All 12 patients completed the study. The average time between the day of trauma and the initiation of laser therapy was 45.7 days. At the conclusion of the four times of treatments with the ablative fractional Er:YAG laser, all treated portions of the scars showed improvements, as demonstrated by the VSS and the overall cosmetic scale evaluated by 10 blinded physicians, 10 blinded non-physicians, and the patients themselves. The mean VSS scores were 5.5 before treatment and 2.4 at 1 month after final treatment. After laser treatment, the mean VSS values decreased significantly (P<0.05) (Table 3). The follow-up results obtained by the 10 independent physicians and by the 10 independent non-physicians at 1 month after final treatment showed marked improvement that was evaluated with a Likert 10-point scale (Fig. 5).
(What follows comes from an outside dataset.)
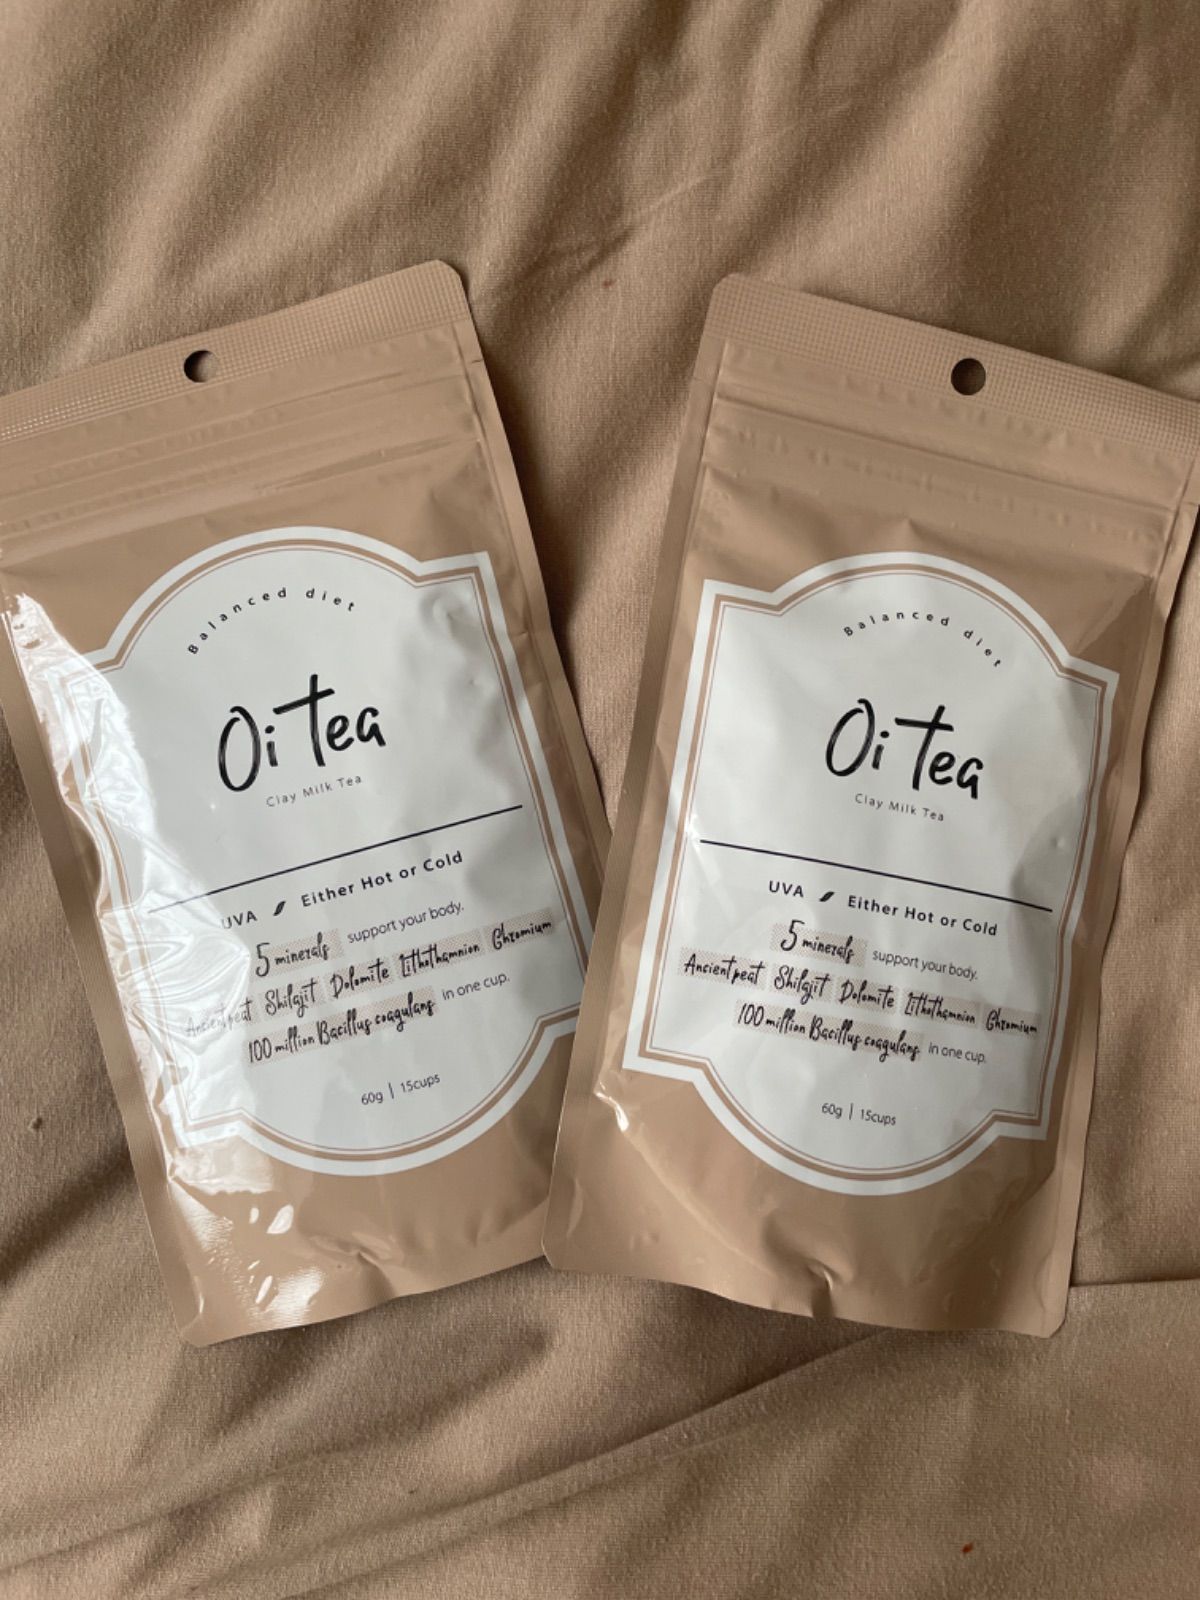 Oi tea クレイミルクティー 60g - ダイエット食品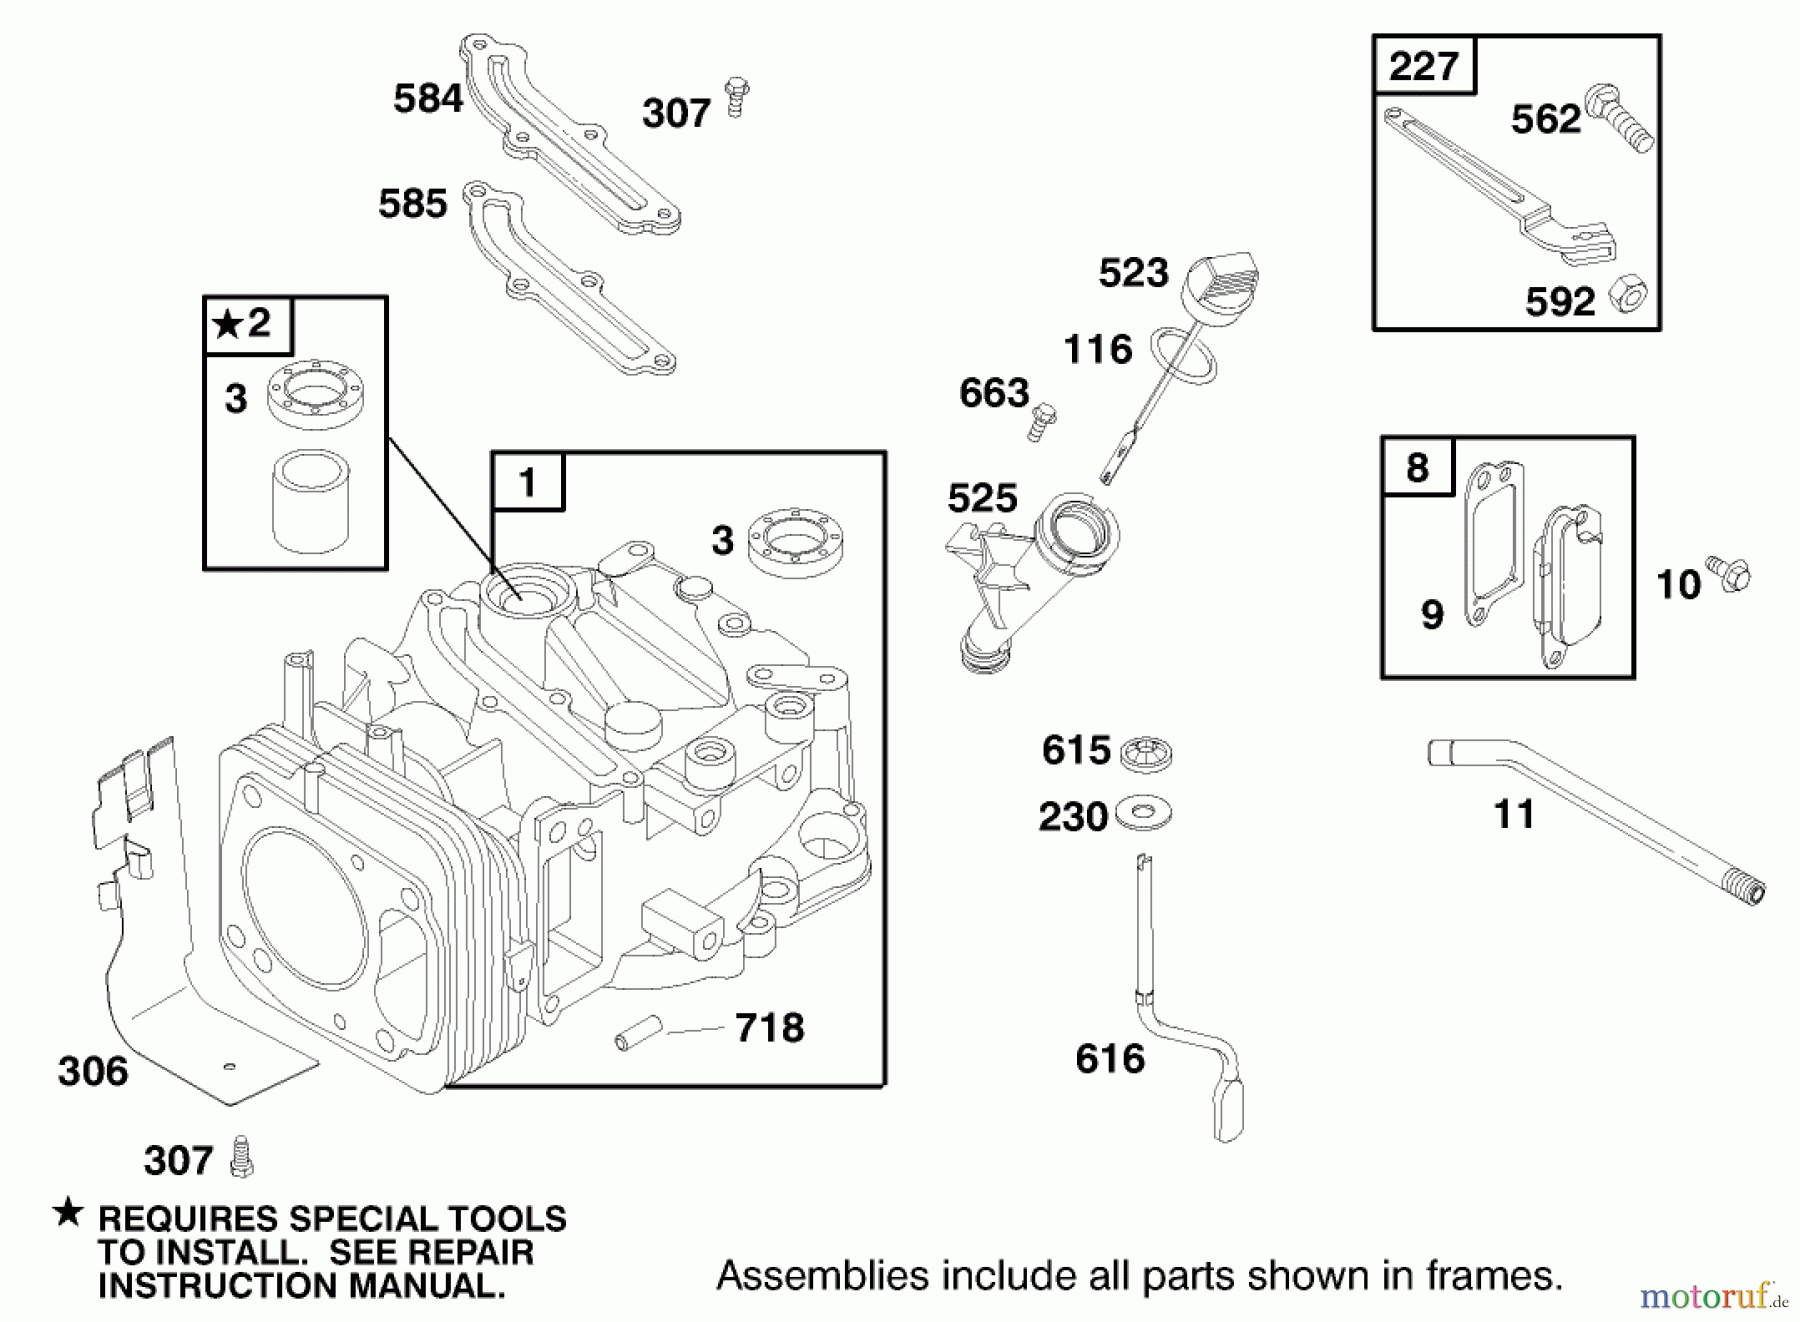  Toro Neu Mowers, Walk-Behind Seite 2 22161 - Toro Recycler Mower, 2000 (200000001-200999999) ENGINE GTS-200 #1

The mean grade of clinical improvement based on assessments of the clinical photographs by the 10 independent physicians was 7.0 and those by the 10 independent non-physicians was 6.9. In addition, 13.3% of the patients graded improvements as near total (>75%), 80.0% as marked (51% to 75%), and 6.7% as moderate improvements (26% to 50%) (Table 4). The mean grade of clinical improvement based on patients’ own satisfaction was 3.07.

DISCUSSION

The treatment of various scars with lasers is a relatively new concept that is gaining in popularity. Over the past decade, laser skin resurfacing with CO2 and Er:YAG lasers fibers has become a popular choice for the treatment of atrophic scars. However, although highly effective at re-contouring the skin and improving scar appearance, treatment with these ablative lasers has been associated with extended recovery periods, prolonged erythema, and other untoward side effects.